Conversamos largo rato sobre los problemas en las muchas versiones del más allá, todas como siempre tratando de imponerse, sobre los delirios de poder de los políticos, sobre las nuevas galletas de queso de luna, y toda clase de diarias supercherías.
Los graduados en ciernes seguían colgados, la voz de la abuela resonaba en su salón, enfermeras, médicos, personal administrativo del hospital iba y venía en sus quehaceres, todo era muy aburrido de tan cotidiano, hasta que dos enfermeras en bata de dormir y un médico rastafari pasaron junto a mí y me arrastraron a la ambulancia en plan de camillero.
La ambulancia era una caseta de vigilancia montada en una glorieta triangular adosada a la construcción del hospital. Cuando comenzaba a mofarme para preguntarles cómo rayos iba a moverse eso, el suelo se despegó del suelo, empezó a vibrar y sólo alcancé a escuchar una parte de la advertencia: -¡Agárrate de algo! Luego comenzó a deslizarse vertiginosamente y el paisaje urbano se volvió un borrón.
En cada vuelta o cambio de dirección, estaba a punto de salir disparado, lo que no ocurría porque en el último momento me agarré de un barandal crecido a la orilla de la guarnición roja. El médico conducía tranquilamente con su celular, una enfermera iba sentada en una mecedora y la otra tomaba el sol en la banqueta móvil.

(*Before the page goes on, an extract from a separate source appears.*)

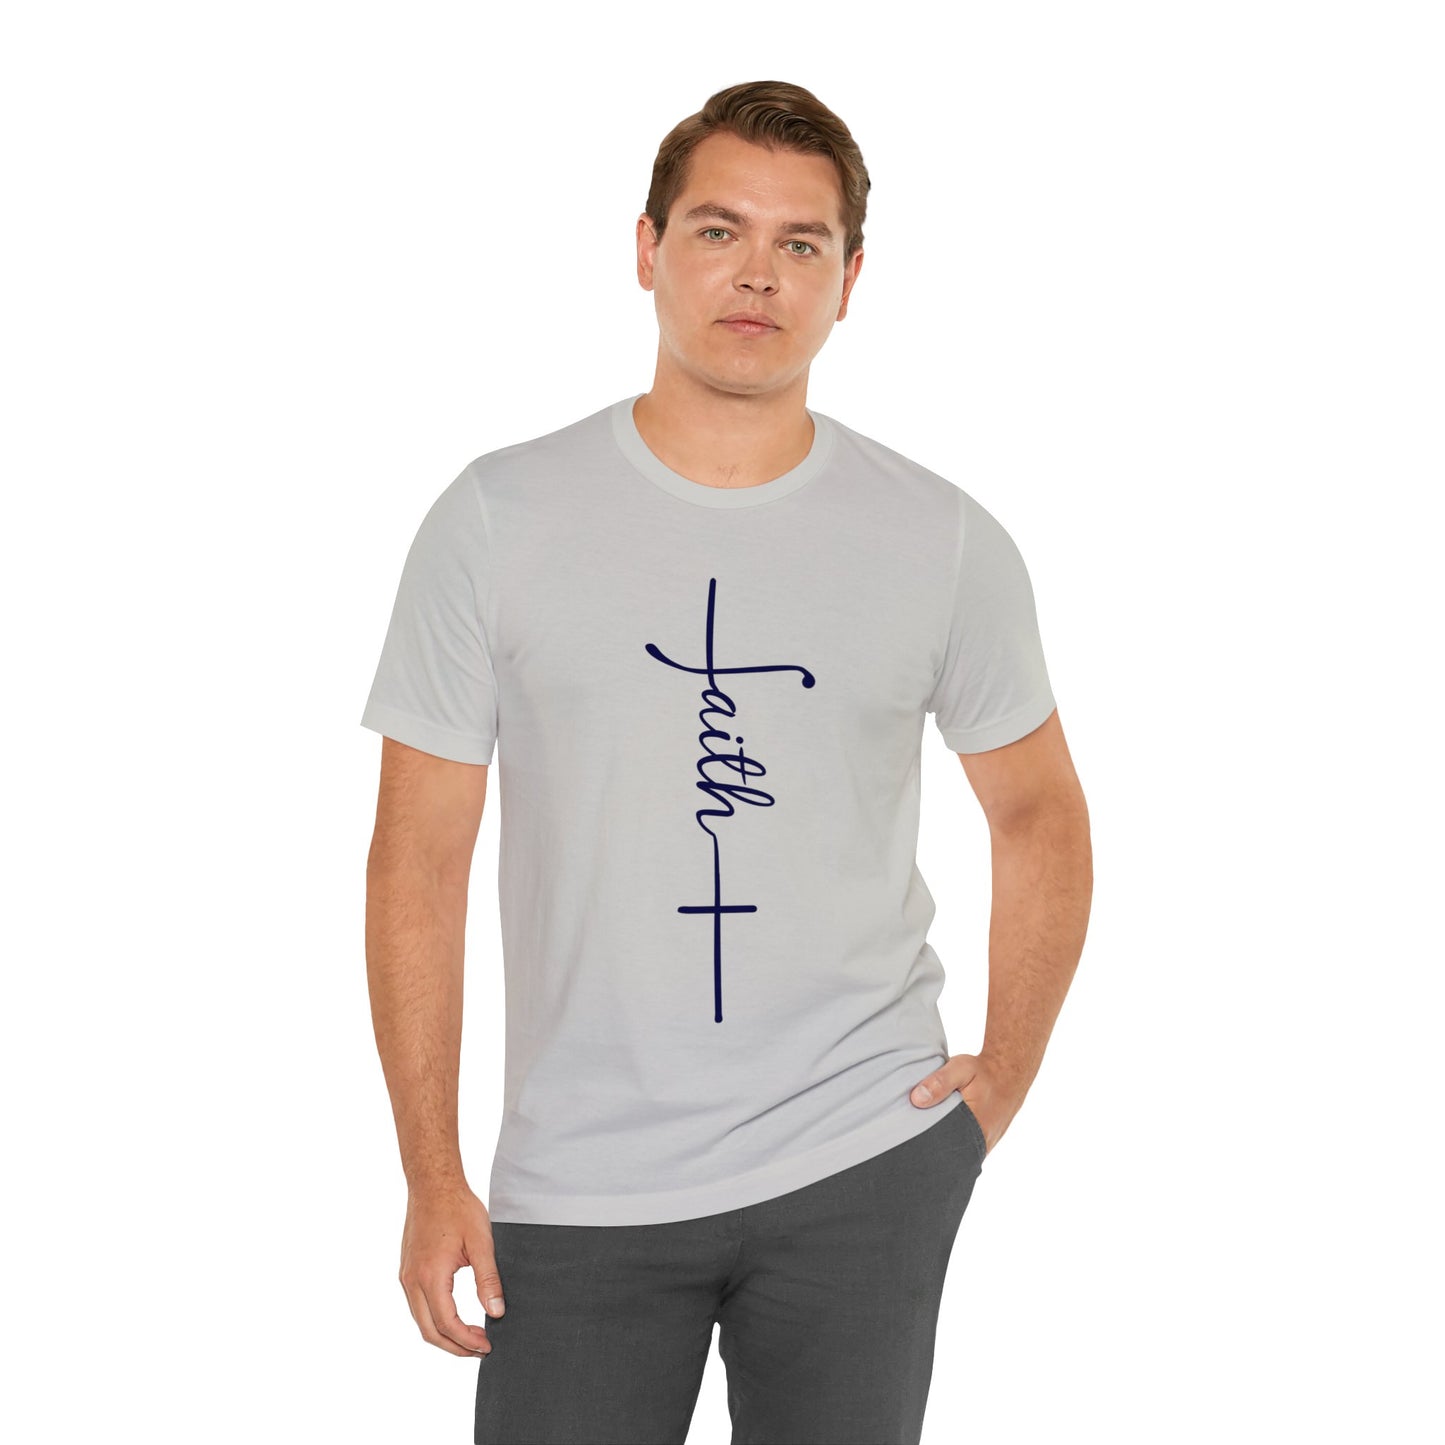 Cursive Faith with Cross Tee - Navy Font

Finalmente llegamos con estrépito. Subieron una escalera de un solo tramo, infinita y sin descansos mientras me encargaban cuidar la entrada y mantener separadas las puertas para pasar raudos con la camilla. Ahí esperaba cuando me encontré una centauresa que esperaba turno en una clínica de hiperembellecimiento, y conversamos sobre el mal tiempo, las enfermedades que tenían algunos edificios de la ciudad, los impensables partidos políticos que habían ganado la elección en el sexto mundo de Karagh 10 y otros temas igual de irrelevantes que te permiten pasar el rato.
Antes de que lo notara siquiera, una brisa pasó junto a mí y en ella iban envueltos mis compañeros de la ambulancia, los dejé pasar, cerré la puerta mientras me despedía de la centauresa con un leve movimiento de cabeza. Estaba a punto de subir a la enérgica y extraña ambulancia cuando se esfumó bajo mis pies perdiéndose para siempre.
Sólo cuando recapacité en que con ella me perdía la graduación, y el transporte para regresar a la universidad, comencé a preocuparme. Así que me volví para pedir a la centauresa que me ayudara a regresar, pero la puerta del edificio al que habíamos entrado ya no estaba. Parecía como si no hubiera existido nunca, ahora tendría que caminar bajo la luz espesa que escurre por la calle a esa hora de la tarde.